§ **Problem description**: For the data below, retype word for word the lines from the one containing "Priscilla Presley" through the one containing "Фото женщины замужней 8 фотография"; drop the pictures.

§ **Supplied information**:
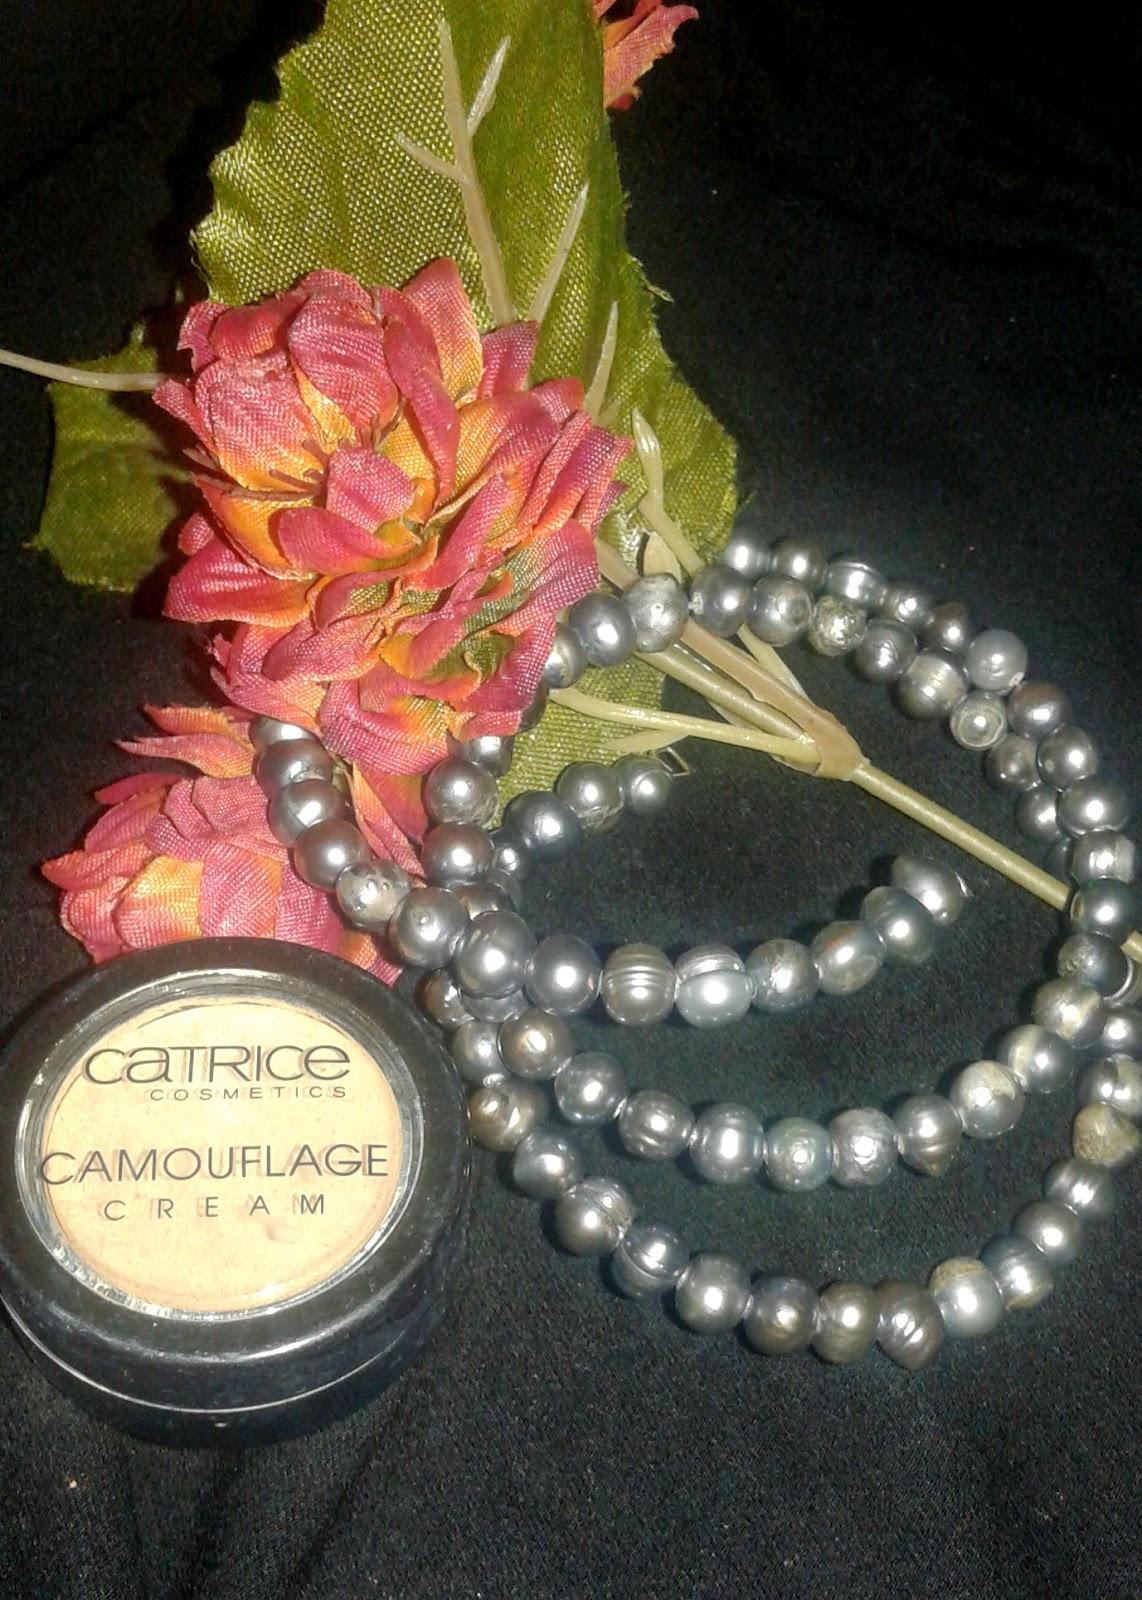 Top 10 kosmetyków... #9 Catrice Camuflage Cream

--

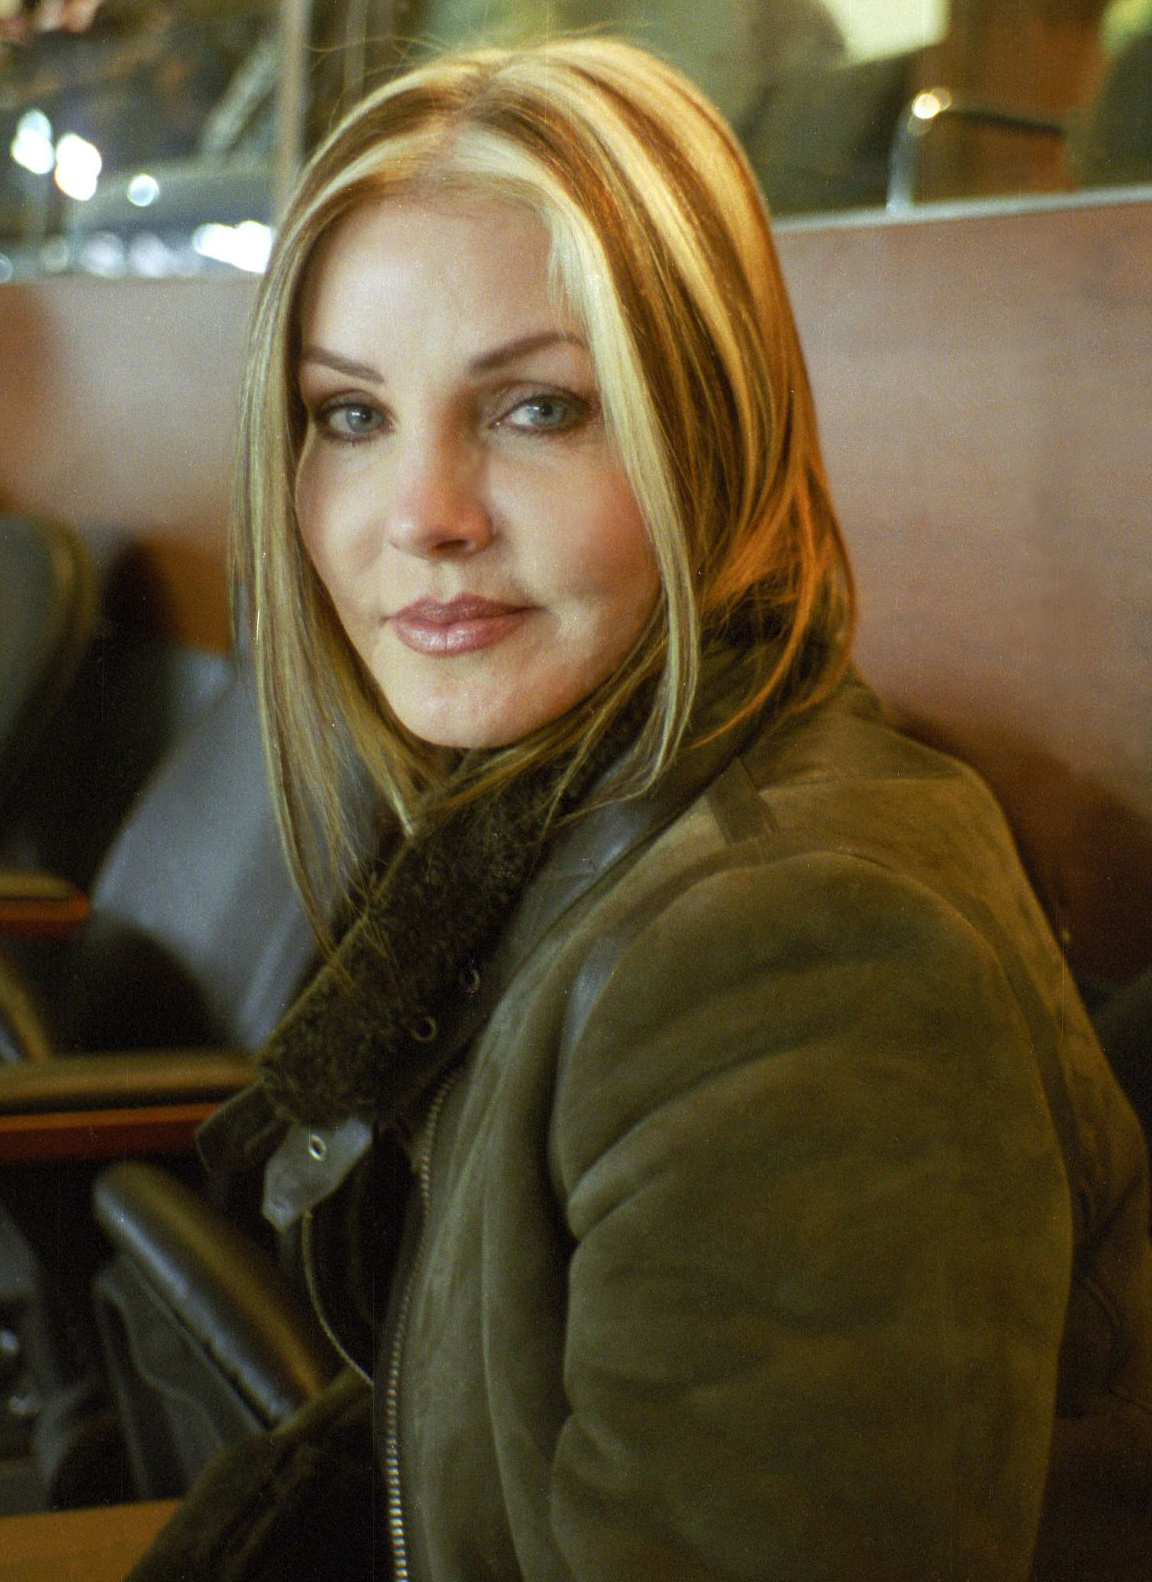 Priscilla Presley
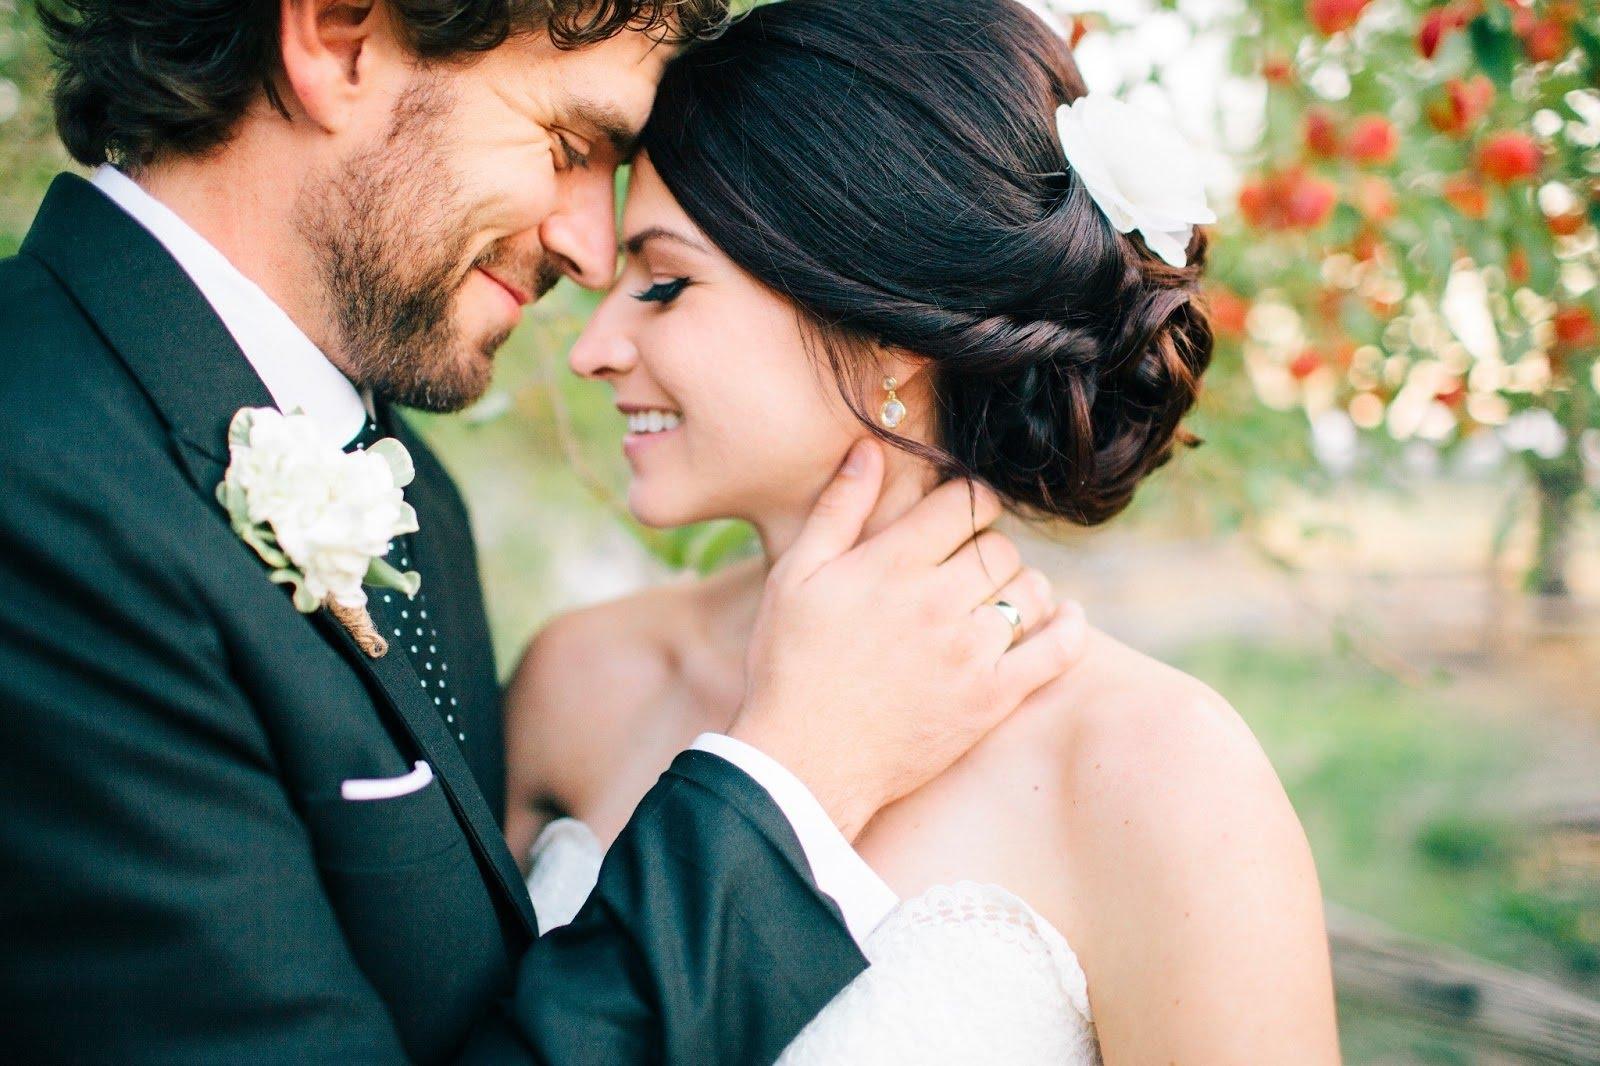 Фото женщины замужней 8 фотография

---

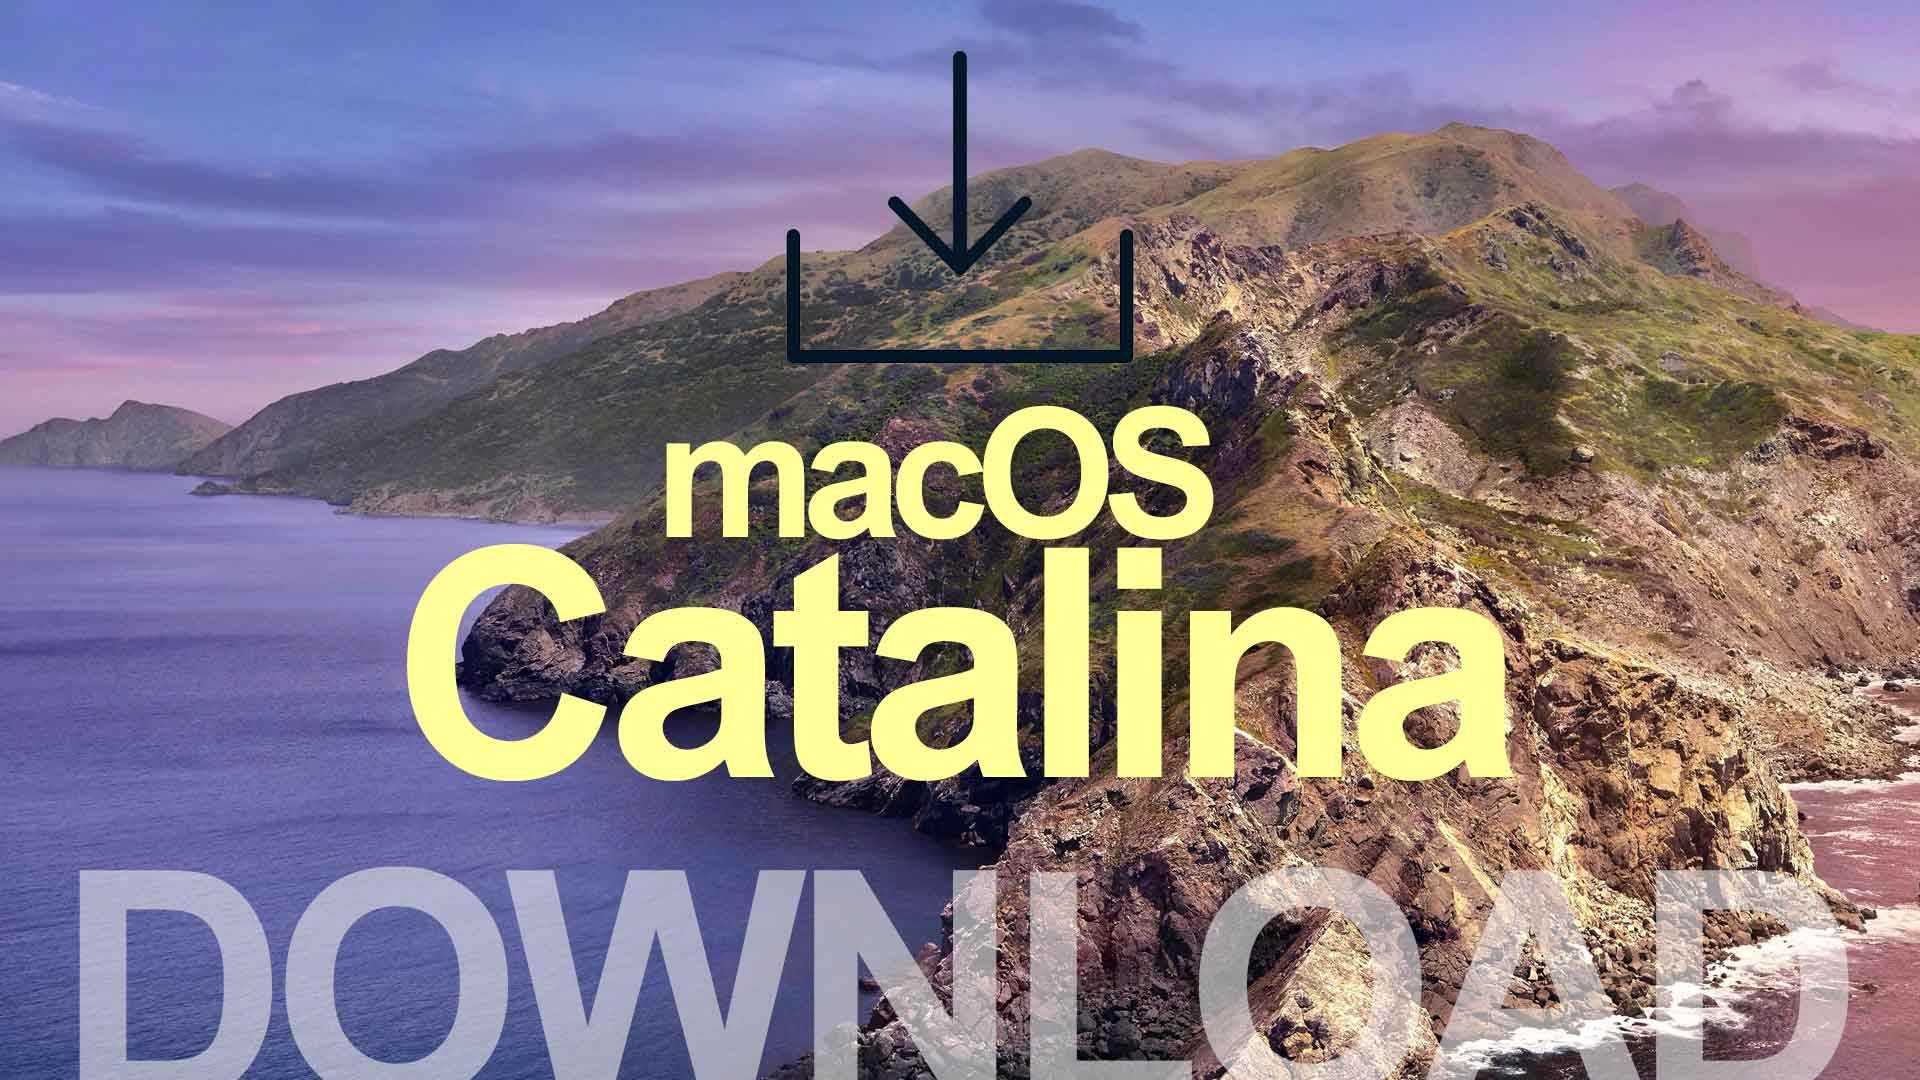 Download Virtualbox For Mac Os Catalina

§ **The completed task**:
 Priscilla Presley
 Фото женщины замужней 8 фотография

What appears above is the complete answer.